What We're Looking For
- Strong foundational expertise, from a BS, MS, or Ph.D. degree in Engineering, Mathematics, Physics, Computer Science, Data Science (or equivalent experience).
- 5+ years of proven experience with one or more Cloud Service Providers (AWS, Azure, GCP or OCI), NVIDIA Cloud Partners (CoreWeave, Lambda Labs, Crusoe, etc) and cloud-native architectures and software.
- Demonstrated experience in technical leadership, strong understanding of NVIDIA technologies, and success in working with customers.
- Expertise with parallel filesystems (e.g.

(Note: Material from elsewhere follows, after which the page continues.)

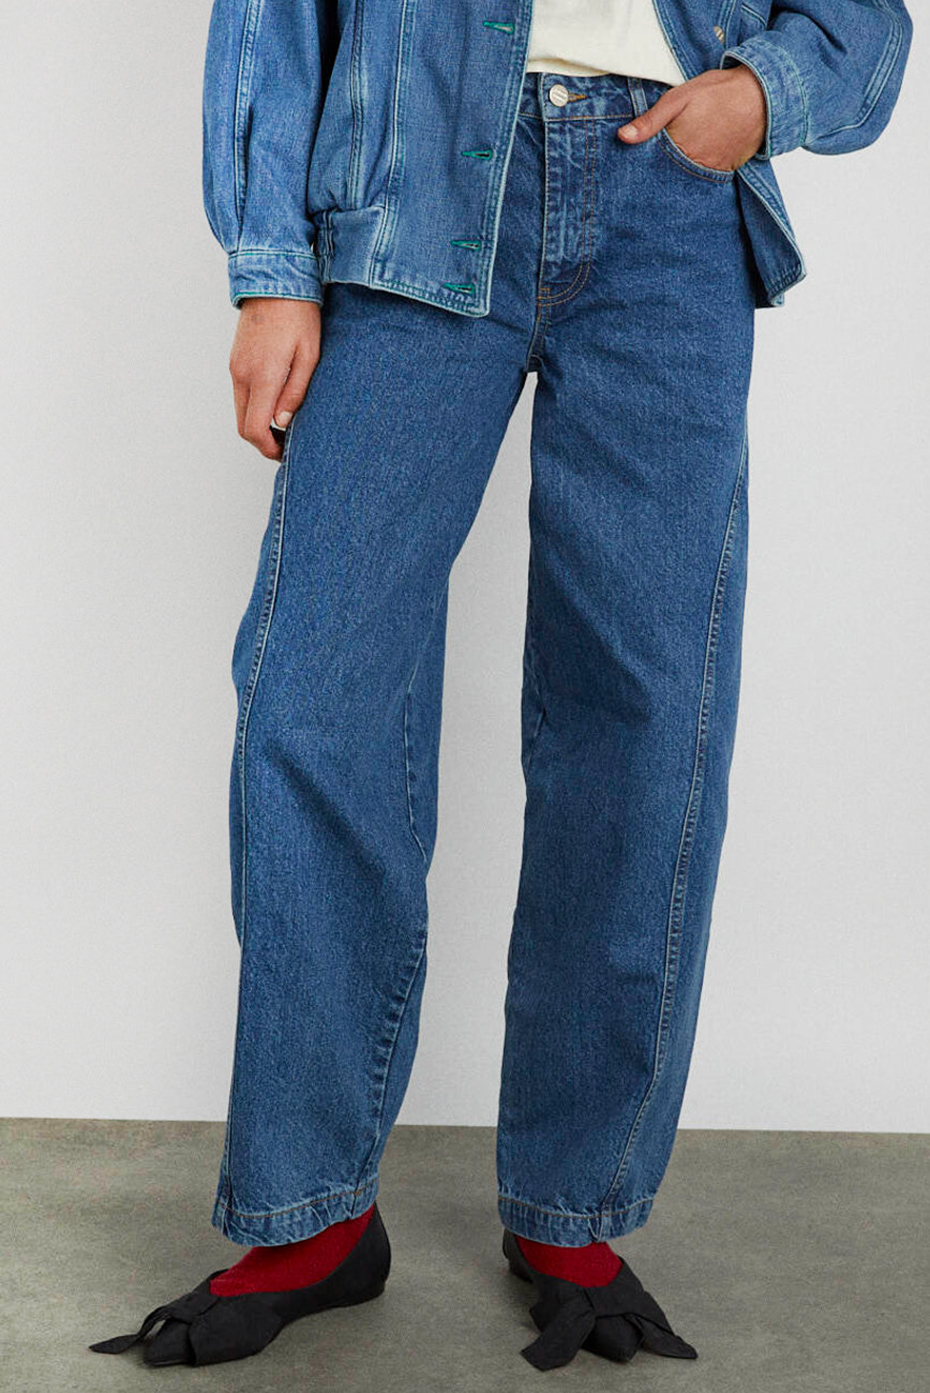 damson-madder-washed-blue-dion-jeans

Lustre, GPFS, BeeGFS, WekaIO) and high-speed interconnects (InfiniBand, Omni Path, RoCE, and Gig-E).
- Strong coding and debugging skills, and demonstrated expertise in one or more of the following areas: Machine Learning, Deep Learning, Slurm, Kubernetes, MPI, MLOps, LLMOps, Ansible, Terraform, and other high-performance AI cluster solutions.
- Proficient in deploying GPU applications in Slurm, Kubernetes, docker, helm, registries.
- Experience with Linux-based configuration management and monitoring solutions, system administration, OS installation, configuration, and troubleshooting.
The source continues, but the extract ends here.